Por lo tanto, propongo que se responda lo siguiente a las cuestiones prejudiciales:
«1)
El primer guión del apartado 1 del artículo 5 del Reglamento no 1697/79 del Consejo, de 24 de julio de 1979, referente a la recaudación a posteriori de los derechos de importación o de los derechos de exportación que no hayan sido exigidos al deudor por mercancías declaradas en un régimen aduanero que suponga la obligación de pagar tales derechos, debe interpretarse en el sentido de que no se aplica a un manual arancelario nacional que recopila normas de Derecho nacional y normas de Derecho comunitario, entre ellas las del arancel aduanero común.
2)
El examen de la primera cuestión prejudicial no ha revelado ningún elemento que pueda afectar a la validez de la Decisión de la Comisión de 4 de noviembre de 1985, documento COM(85) 1709 final, dirigida a la República Federal de Alemania.»
( *1 ) Lengua original: francés.
( 1 ) Sentencia de 12 de julio de 1989 (161/88, Rec. 1989, p. 2415).
( 2 ) DO L 182 de 16.8.1970, p. 1.
( 3 ) Por el que se modifica el Reglamento (CEE) no 590/68 relativo al arancel aduanero común (DO L 318 de 15.11.1982, p. 1).
( 4 ) Por el que se fijan las disposiciones de aplicación del apartado 2 del artículo 5 del Reglamento (CEE) no 1697/79 del Consejo, referente a la recaudación a posteriori de los derechos de importación o de los derechos de exportación que no hayan sido exigidos al deudor por mercancías declaradas en un régimen aduanero que suponga la obligación de pagar tales derechos (DO L 161 de 26.6.1980, p. 1; EE 02/06, p. 273).
( 5 ) Referente a la recaudación a posteriori de los derechos de importación o de los derechos de exportación que no hayan sido exigidos al deudor por mercancías declaradas en un regimen aduanero que suponga la obligación de pagar tales derechos (DO L 197 de 3.879, p. 1; EE 02/06, P. 54).
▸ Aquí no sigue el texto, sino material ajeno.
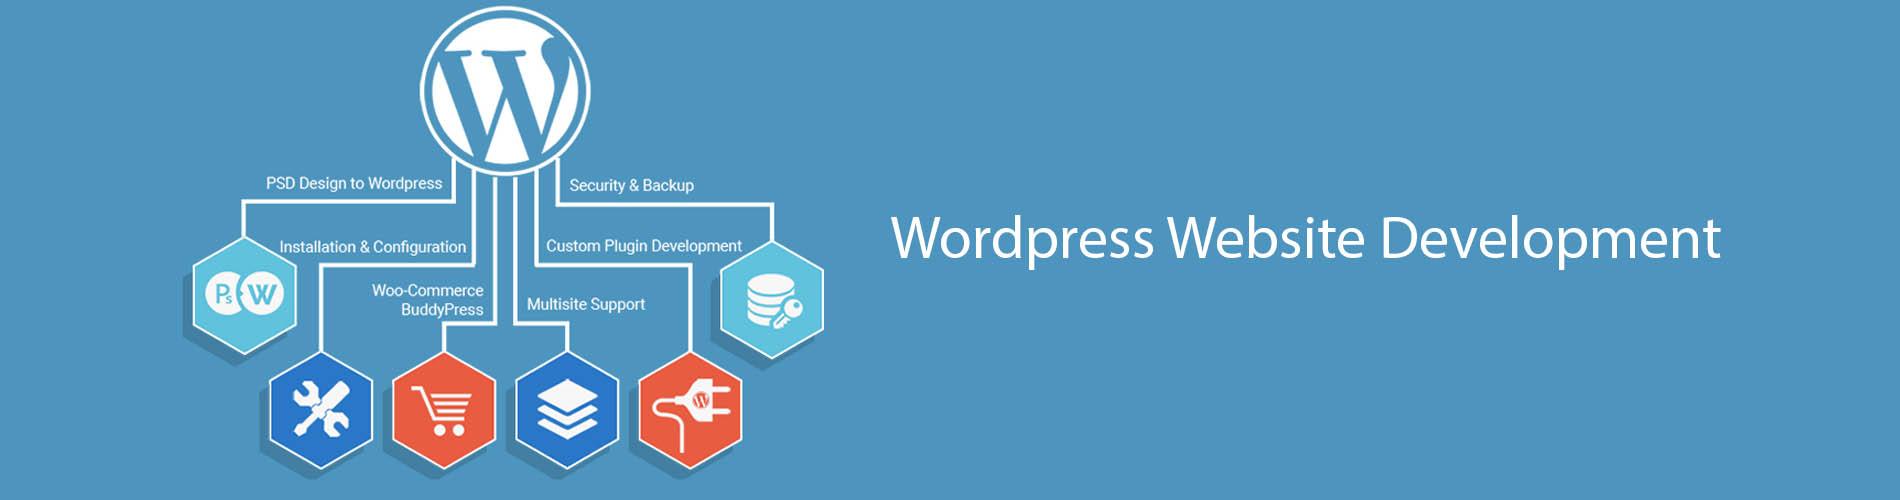 wordpress-website-developement-company

( 6 ) Sentencia de 22 de octubre de 1987, Foto-Frost, apartado 22(314/85, Rec. 1987, p. 4199).
( 7 ) Apartado 22.
( 8 ) Claude J. Berr y Henri Tremeau, «Le droit douanier», Régime des opérations de commerce international en France et dans la CEE 2 edición, no 252, p. 177.
( 9 ) Articulo 23, Bundesgesetzblatt I, p. 737; artículos 28 a 31 del Código General alemán de Aduanas de 29 de noviembre de 1961, Bundesgesetzblatt I, p. 1937.
( 10 ) Sentencia de 24 de noviembre de 1971 (30/71, Rec. 1971, p. 919, apartados 10 a 13).
( 11 ) Sentencia de 18 de marzo de 1986 (VII R 55/83 BFHE 146, 294).
( 12 ) P. 8 de la traducción francesa.
( 13 ) P. 9 de la traducción francesa.
( 14 ) Apartados 10 a 16.
( 15 ) Asunto 161/88, antes citado, apartado 22.
( 16 ) Apartado 1 del artículo 20 de la Directiva 79/695/CEE del Consejo, de 24 de julio de 1979, relativa a la armonización de los procedimientos de despacho a libre práctica de las mercancías (DO L 205 de 13.8.1979, p. 19; EE 02/06, p. 57).